Aim of the exercise: Apart from the pictures, which must be omitted, restate the data exactly.

═══ Data provided ═══

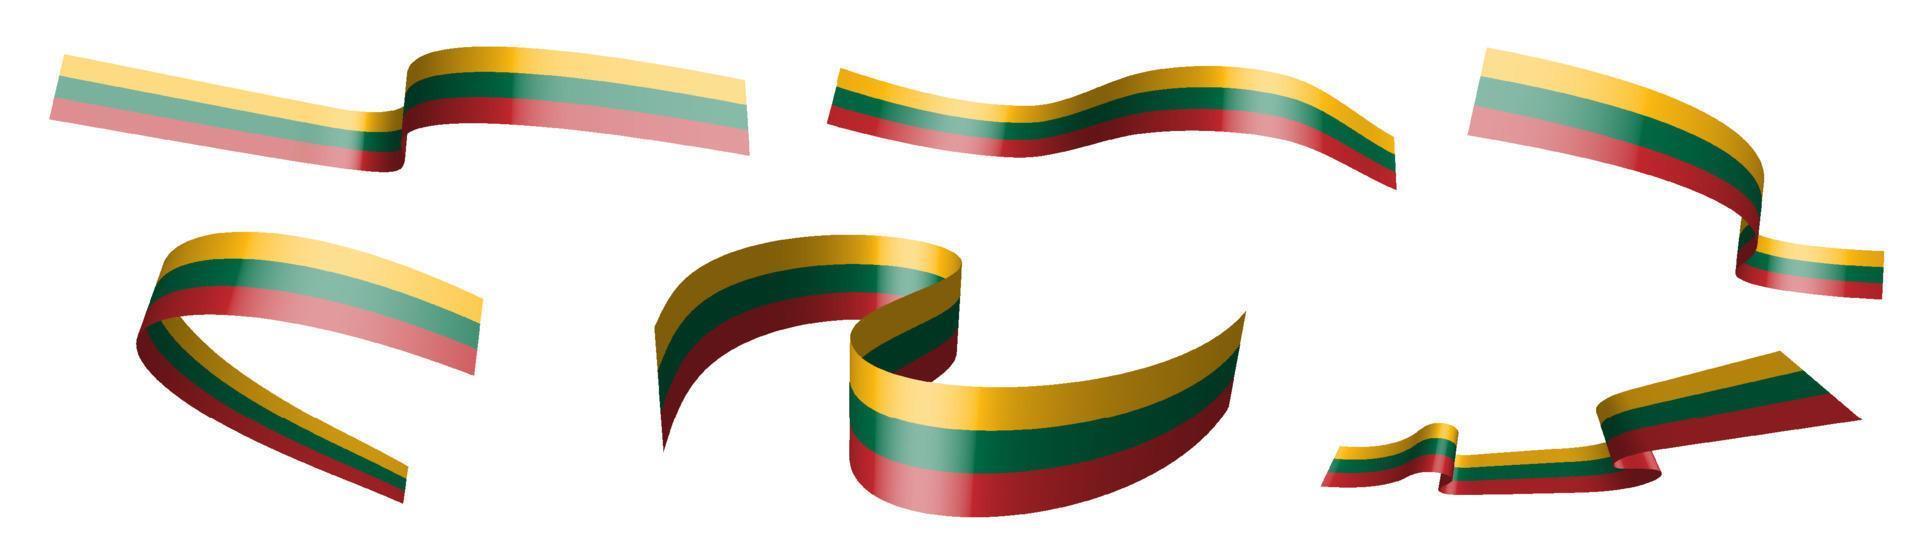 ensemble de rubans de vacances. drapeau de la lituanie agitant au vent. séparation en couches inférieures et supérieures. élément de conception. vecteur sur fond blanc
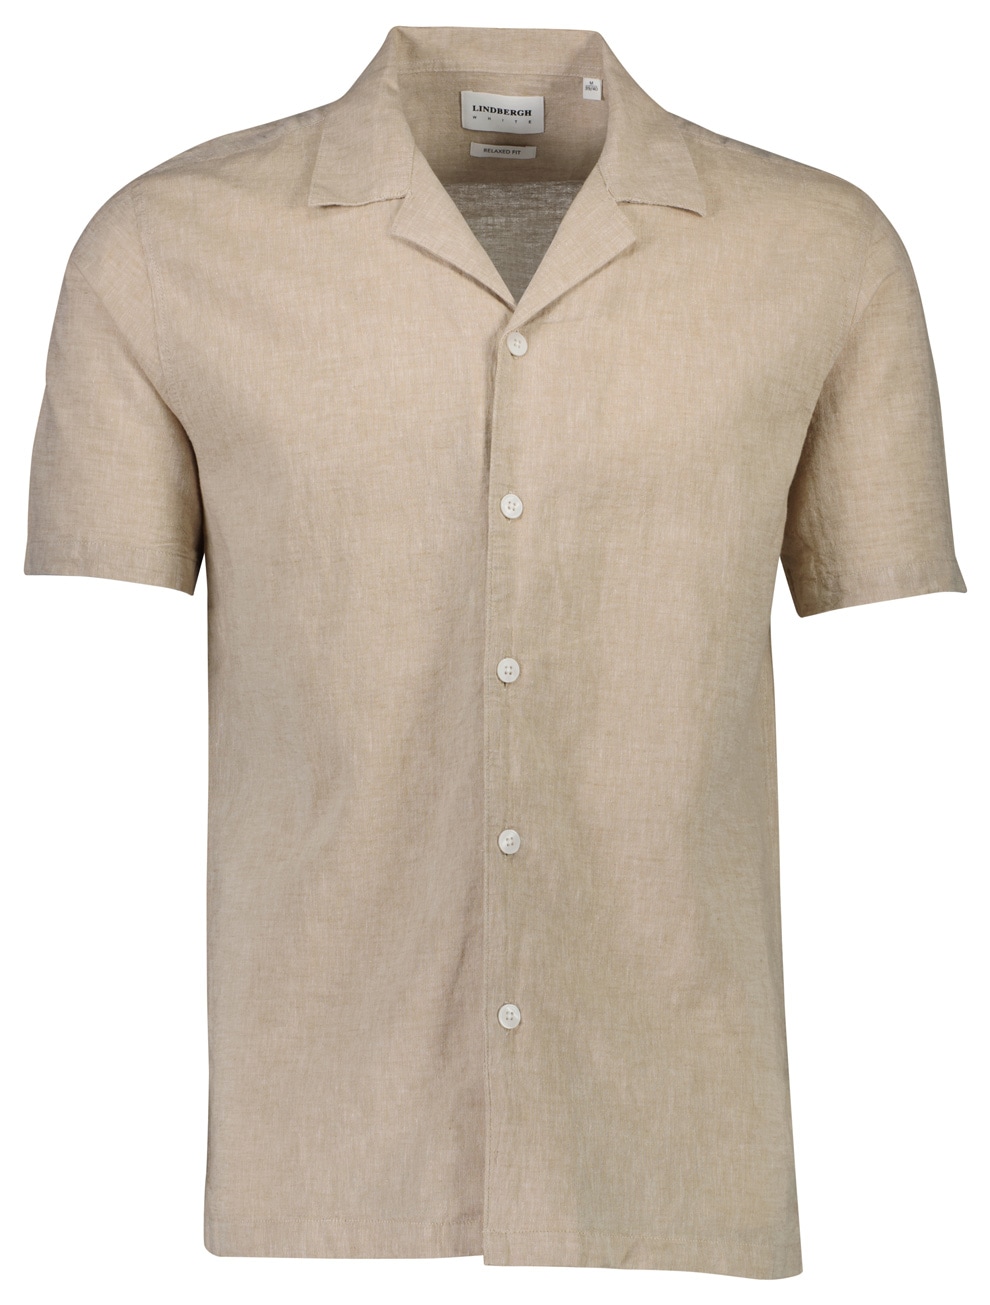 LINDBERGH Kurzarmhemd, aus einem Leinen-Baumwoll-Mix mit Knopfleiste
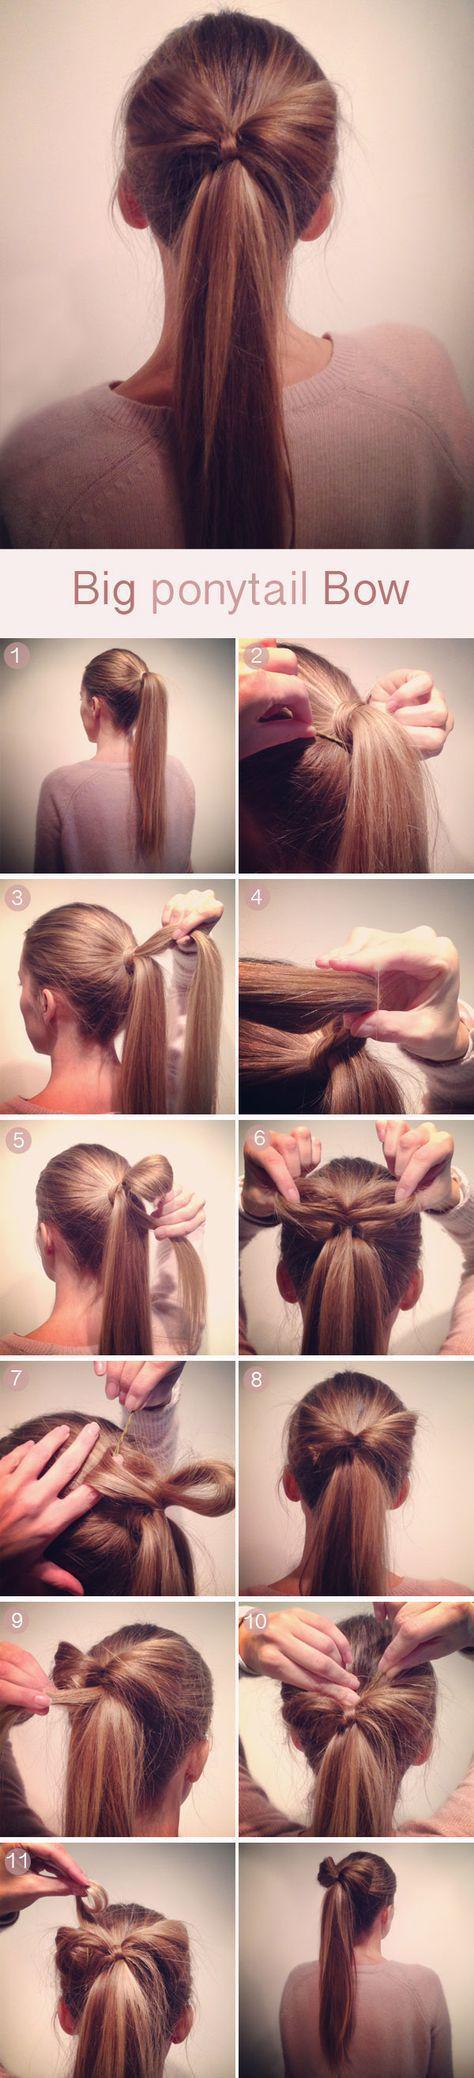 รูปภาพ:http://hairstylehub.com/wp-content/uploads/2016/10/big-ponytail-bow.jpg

═══

Response area:
 ensemble de rubans de vacances. drapeau de la lituanie agitant au vent. séparation en couches inférieures et supérieures. élément de conception. vecteur sur fond blanc
 LINDBERGH Kurzarmhemd, aus einem Leinen-Baumwoll-Mix mit Knopfleiste
 รูปภาพ:http://hairstylehub.com/wp-content/uploads/2016/10/big-ponytail-bow.jpg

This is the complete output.